What the 2026 World Cup Can Teach CISOs About Security Awareness Training
What the 2026 World Cup Can Teach CISOs About Security Awareness Training
Publish Date: 2026-06-09 02:58:00
Source Domain: www.cybersecurity-insiders.com
Using an unordered list, summarize the following article with between 4 and 8 key points.
With the 2026 World Cup finally upon us, the football world is doing what it always does before taking the world’s biggest stage: obsessing over readiness. Not attendance. Not intention. Not whether players showed up to camp, sat through a briefing, and nodded at the coach. Readiness.
That distinction matters more than people think. In football, no serious national team believes it is ready for prime time just because everyone has completed a single training session. Qualification is not the trophy. Getting into the tournament is not the same as being ready to win it.
Coaches know this instinctively. They don’t measure success by who came to practice; they measure it by who improved, who performs under pressure, who reads the field, and which weak points still need work before match day.
Cybersecurity needs to start thinking the exact same way.
The Wrong Scoreboard: Attendance vs. Readiness
For years, too much of security awareness training has been built around the wrong scoreboard. Did employees complete the course? Did the reminder emails go out? Did the compliance box get checked? Fine. Those things prove the program happened, but they don’t prove the team is stronger or the organization is prepared when a real phishing email, business email compromise (BEC) attempt, smishing attack, or AI-generated impersonation lands in the middle of a chaotic workday.

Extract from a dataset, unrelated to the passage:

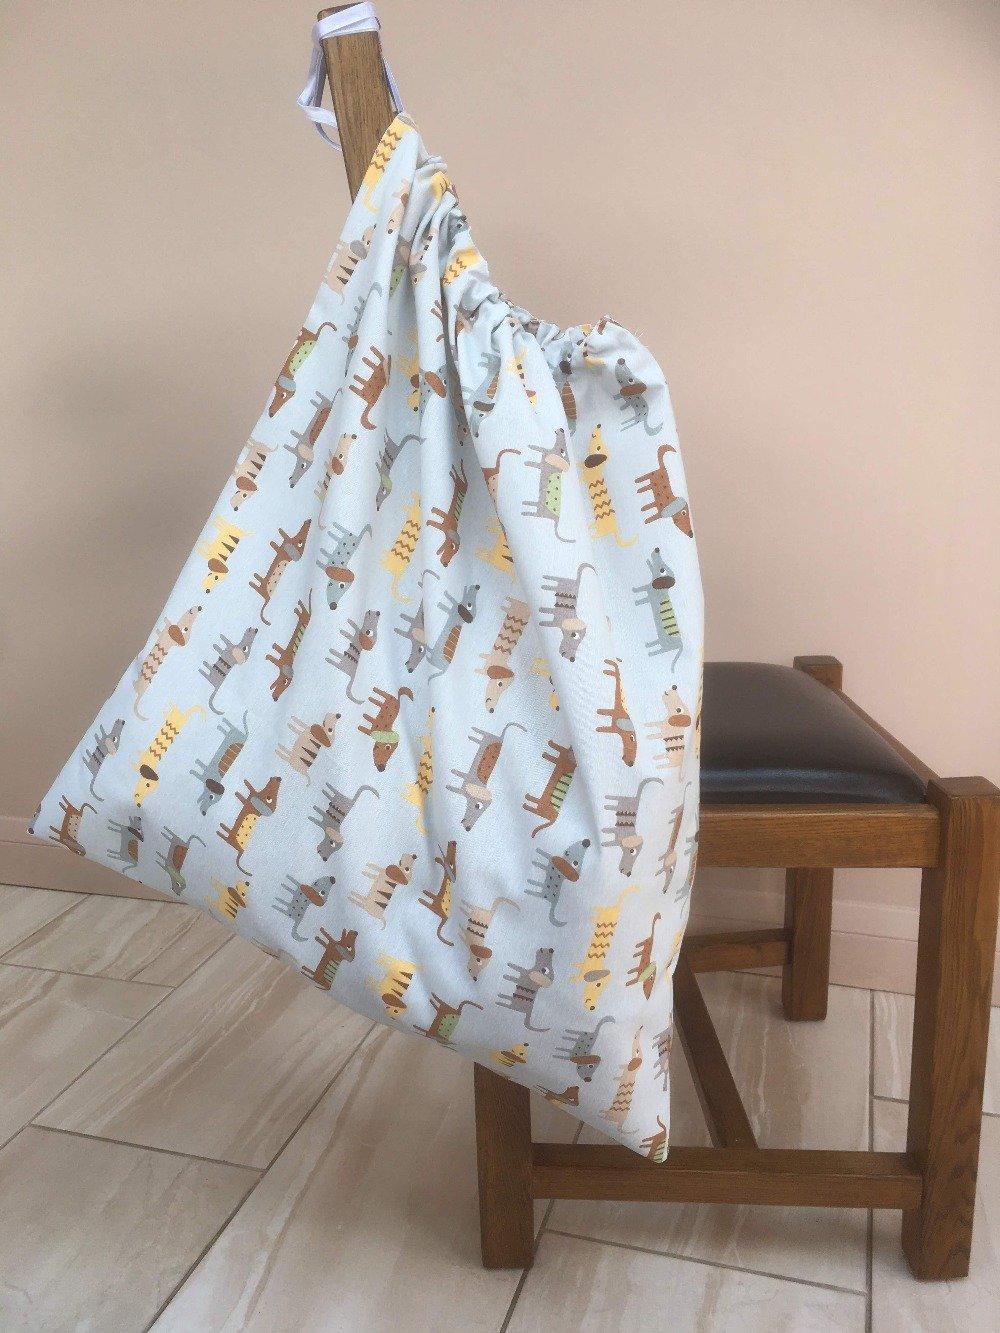 Large drawstring washbag for uniforms to avoid infection from Covid etc Sausage Dog design

Sport is brutally honest about what training is actually for. Nobody mistakes showing up for improvement. Nobody confuses awareness with readiness.
The best football teams prepare across multiple dimensions – on the pitch, in the gym, in nutrition, through tactical drills, and via mental preparation. They study the opponent’s patterns and build endurance for the final minutes of the match, not just the opening whistle. They prepare for intensity, fatigue, and the split-second moments where a single mistake costs the game.
Real cyber readiness requires the same continuous, multi-dimensional practice. It comes from seeing enough realistic situations that threat recognition becomes pure instinct.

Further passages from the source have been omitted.